In March 2016 I signed on with the Bryan County News as assistant editor and I’ve loved every minute of it. My “first” newspaper career, in the late 80s and early 90s, was great. But when I left it to work in politics and later with a free-market think tank, I never pictured myself as an ink-stained wretch again.

Like they say, never say never.

During my time here at the News, I’ve covered everything that came along. That’s one big difference between working for a weekly as opposed to a daily paper. Reporters at a daily paper have a “beat” to cover. At a weekly paper like this, you cover … life. Sports, features, government meetings, crime, fundraisers, parades, festivals, successes, failures and everything in between. Oh, and hurricanes. Two of them. I’ll take a winter blizzard over that any day.

Along the way I’ve met a lot of great people. Volunteers, business owners, pastors, students, athletes, teachers, coaches, co-workers, first responders, veterans, soldiers and yes, even some politicians.

And I learned that the same adrenalin rush from covering “breaking news” that I experienced right out of college is still just as exciting nearly 30 years later.

With as much as I’ve written about the population increase and traffic problems, at least for a few short minutes my departure means there will be one less vehicle clogging up local roads. At least until I pass three or four moving vans headed this way as I get on northbound I-95.

The hub-bub over growth here can be humorous, unintentional and ironic all at once. We often get comments on our Facebook page that go something like this: “I’ve lived here for (usually less than five years) and the growth is out of control! We need a moratorium on new construction.”

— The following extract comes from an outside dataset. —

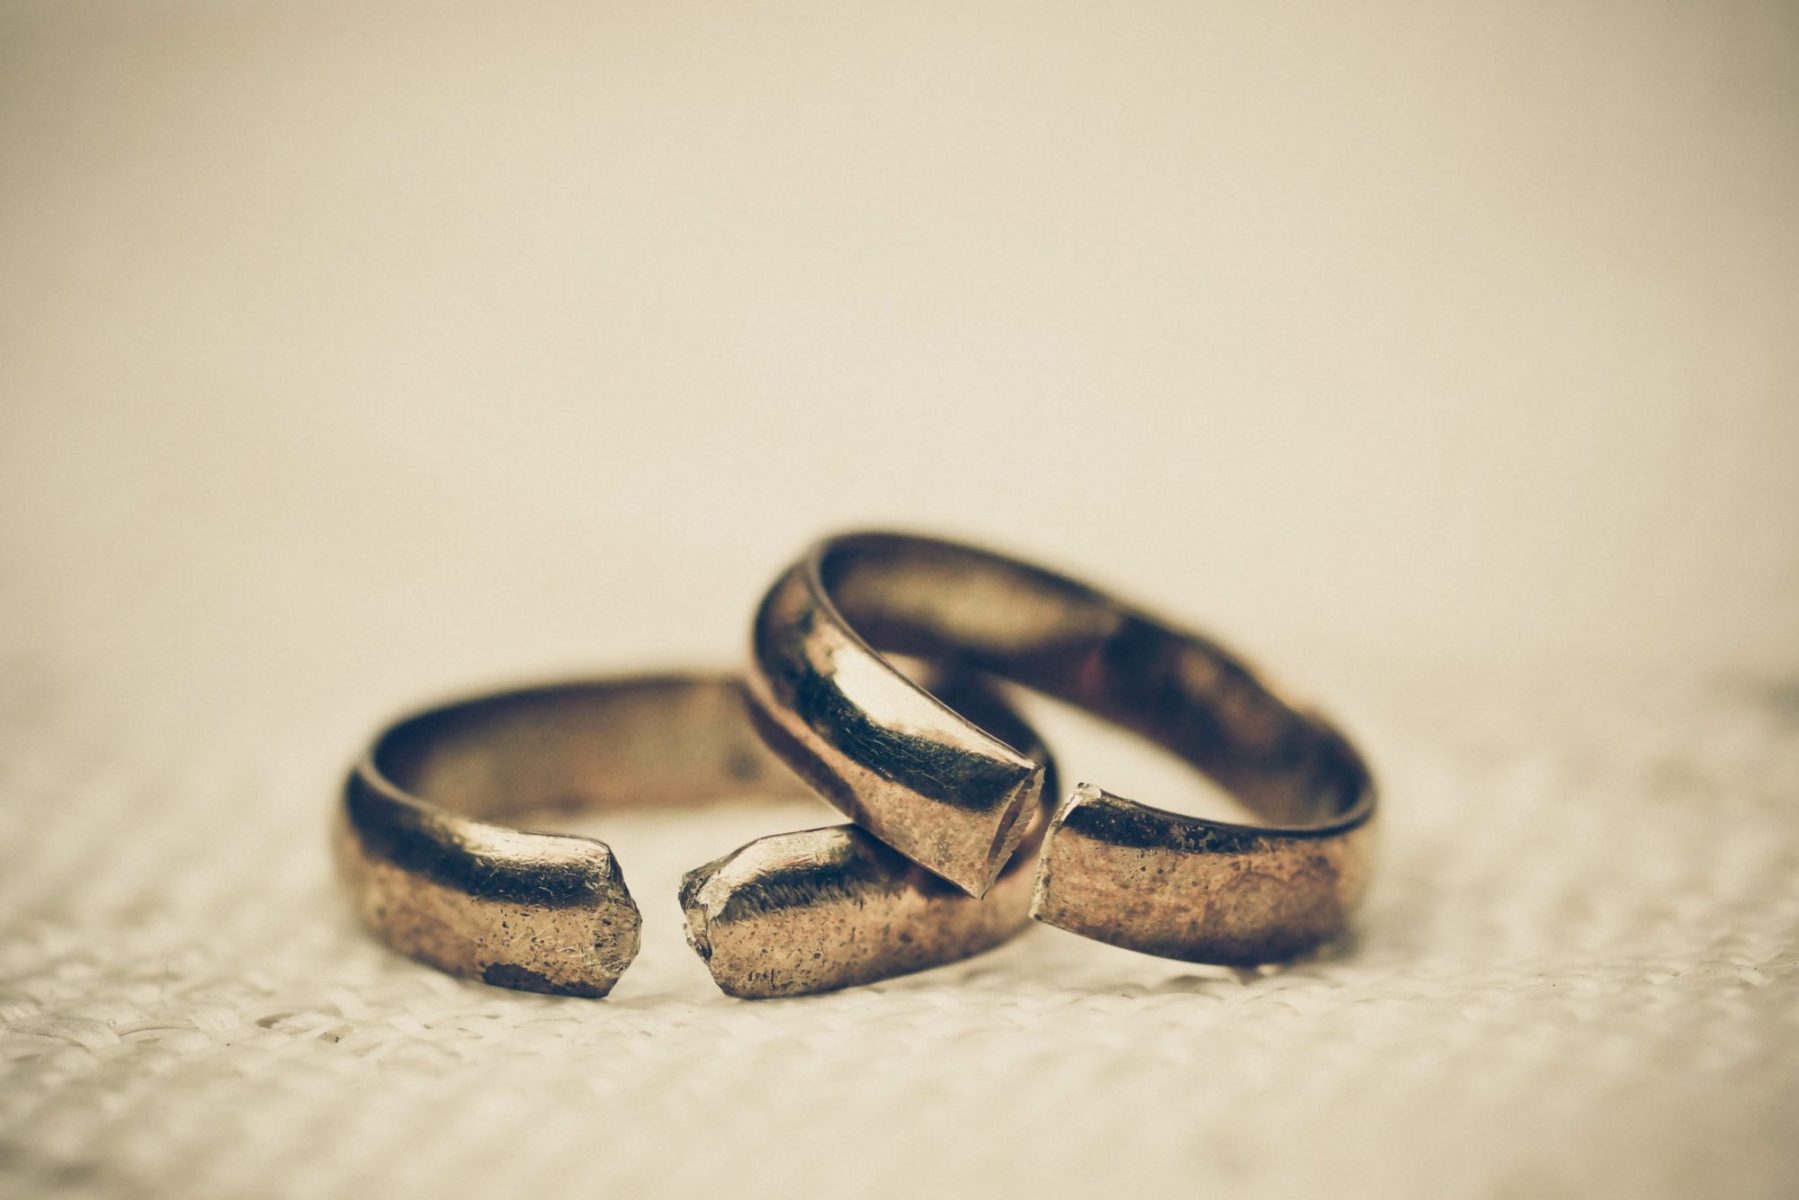 Two broken wedding rings, representing a divorce filing needed with Divorce Attorneys Darien.

It’s like people who move into phase I of “Walden Woods” subdivision after all the trees are cleared out and then complain about trees being cut down for phase II.

Bryan County will always hold a special place in my heart and I definitely plan on visiting again someday. My hope is that my boss, Jeff Whitten (one of the best I’ve ever had), will let me continue to be part of the Pembroke Mafia Football League from afar. If the Corleone family could expand to Vegas, there’s no reason the PMFL can’t expand to Michigan.

But the main reason I want to return someday is about that traffic issue. After all, I’ll need to see it with my own eyes before I’ll believe that Highway 144 actually got widened.